Tuesday, February 10, 2009

iSchools responding to man made catastrophes


What are iSchools doing to help prepare for and respond to man made disasters such as a terrorist attack? That was the topic of a panel Tuesday morning that featured Syracuse iSchool Dean Elizabeth D. Liddy.

The panelists outlined the areas in which they felt iSchools could contribute to dealing with these major catastrophes: modeling scenarios, prediction, mitigation, response, real-time synthesis, and human performance and training.

Pittsburgh iSchool Dean Ron Larsen described a project he worked on for the Department of Defense that sought to detect underground nuclear facilities. His role was to collect what he called second-order information—not using ground penetration radar, but rather tracking heavy equipment shipments or materials delivery.

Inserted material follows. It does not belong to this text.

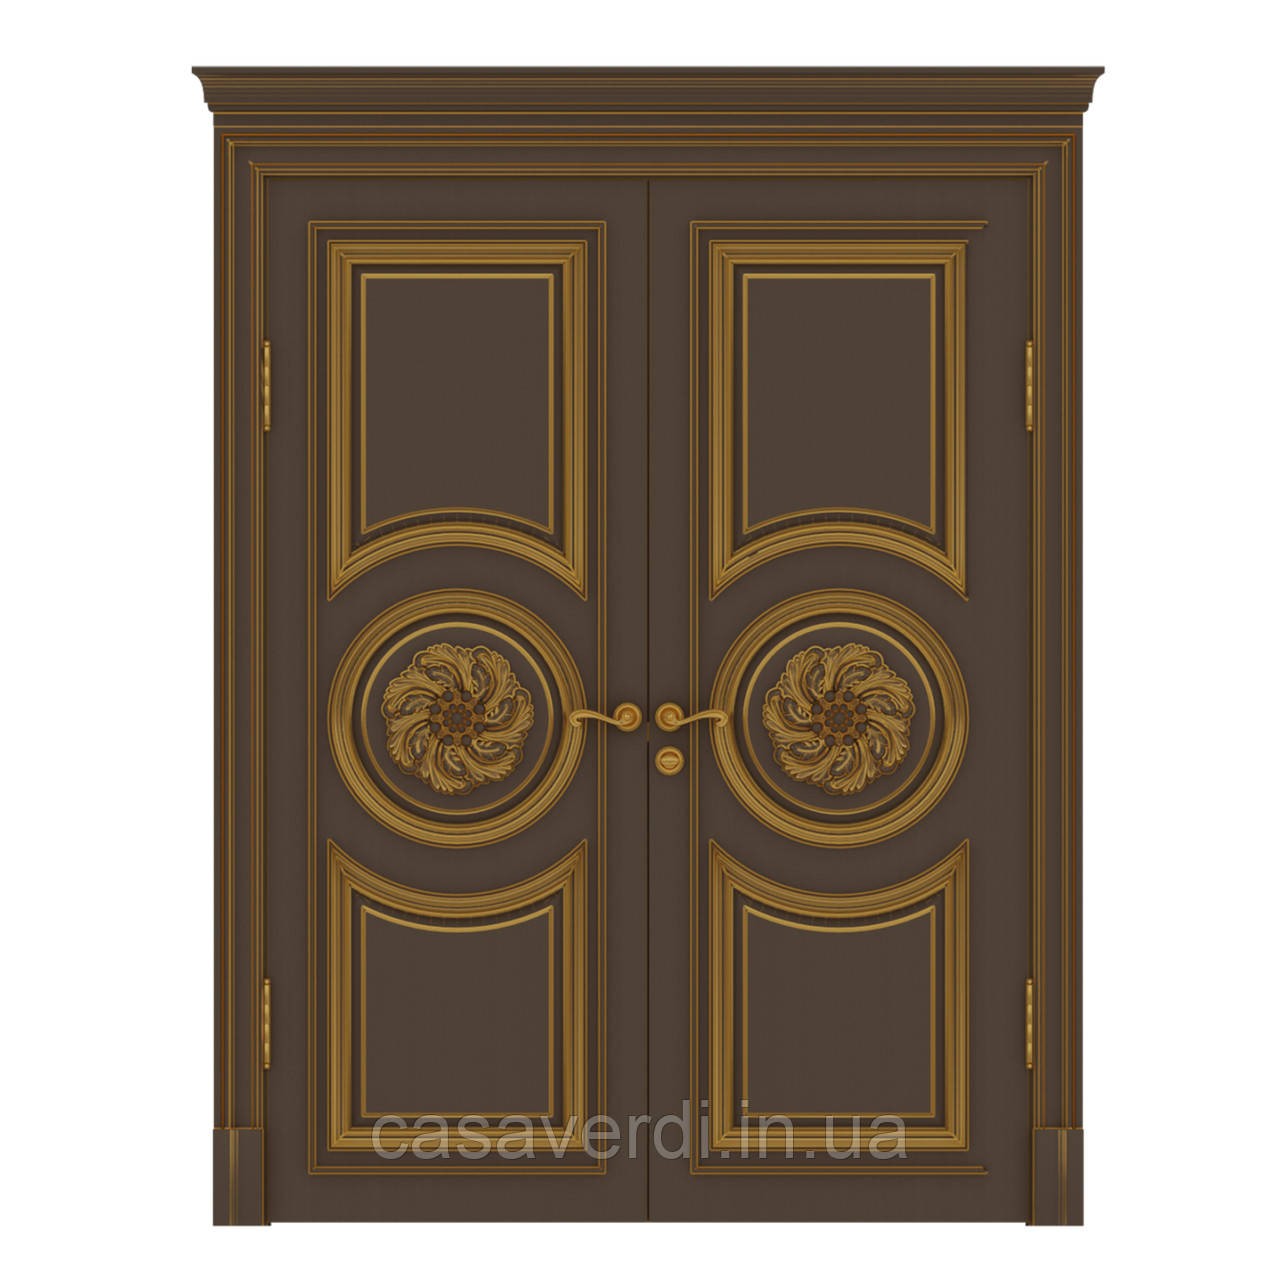 Міжкімнатні двері Casa Verdi Napoli 10 подвійна орні з масиву ясена

He stressed the iSchool’s holistic approach to problems—combining technical information with social and psychological information.

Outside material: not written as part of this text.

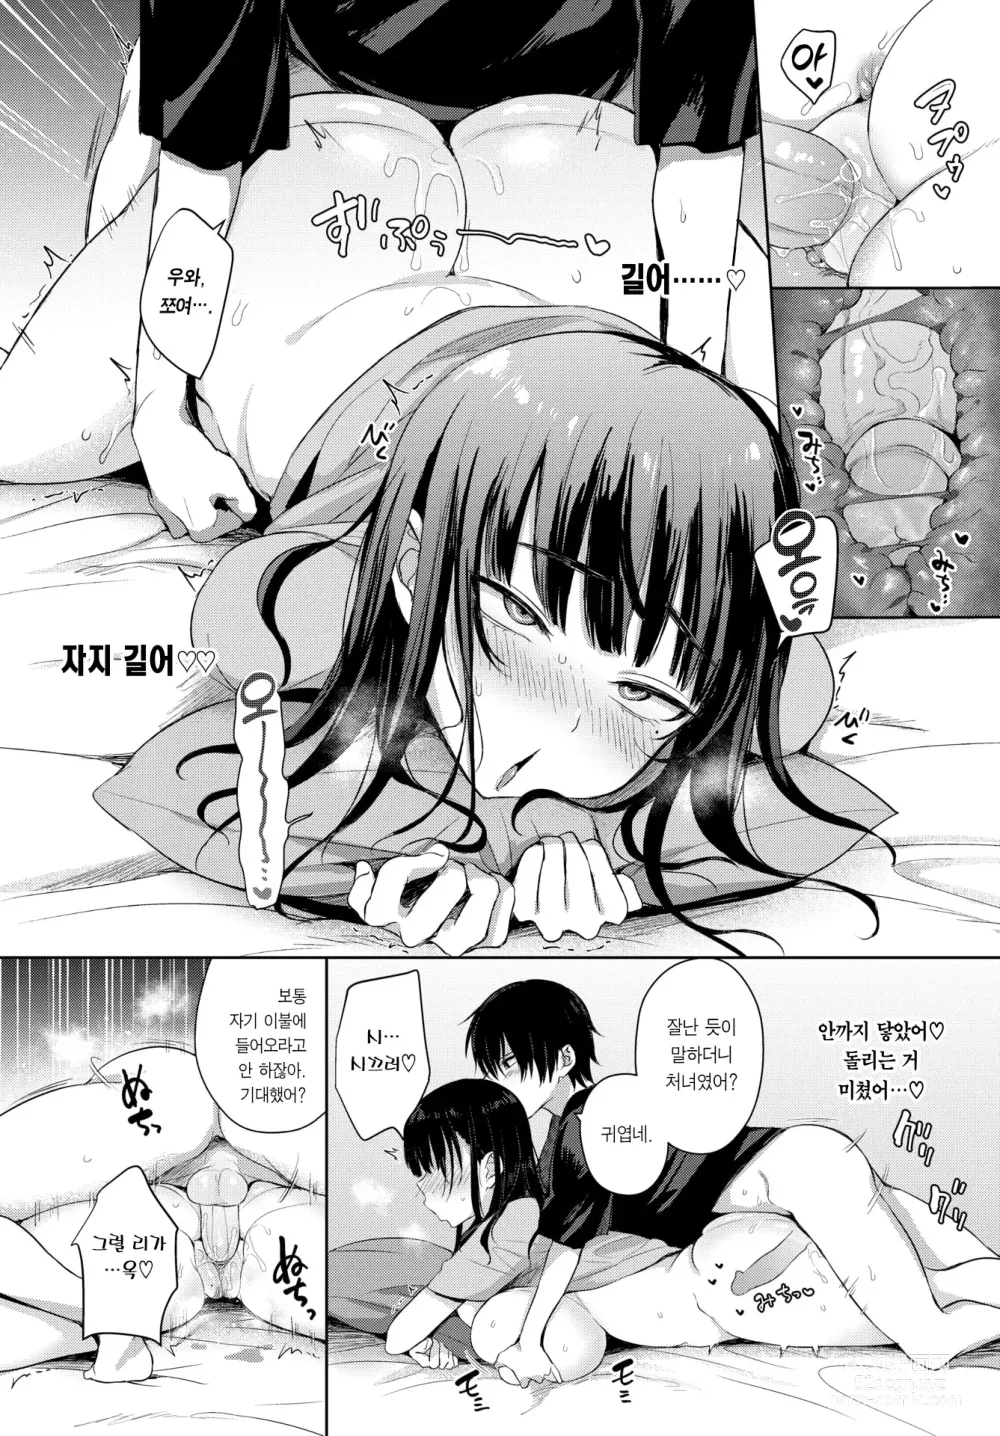 Page 9 of manga 7 Days

Liddy focused much of her comments on the role iSchools play in predicting and preventing these catastrophes by analyzing communications, such as e-mails, text messaging, and blogs through natural language processing.

“In these man-made extreme event scenarios, the police, defense, and intelligence communities frequently do have some means to anticipate such events, and thereby make them more predictable and therefore potentially more preventable,” Liddy said.

She talked about how researchers can develop and apply predictable models to this data to weed through the massive amounts of information to find the “needle in the haystack,” or expressions about a planned attack.

Natural language processing has gotten good at mining words with their denotative meanings, and now researchers are focusing on developing automated process to examine the connotative meaning of words and emotive words, Liddy said.

To do this, Liddy said researchers have to find public data from which they can study and build these models and technologies. The data from such cases as Enron are being used, as are data from open source developers who are building archives of e-mail exchanges, papers, and other communications relating to the development of that field.

Other panelists talked about the role psychology and international context can play in these extreme events. Panelists agreed that iSchools are the optimal source of research and solutions in these extreme events because iSchools excel in human-driven technology, information that needs to be processed by both humans and machines, and evaluating the usefulness/effectiveness of technology for humans.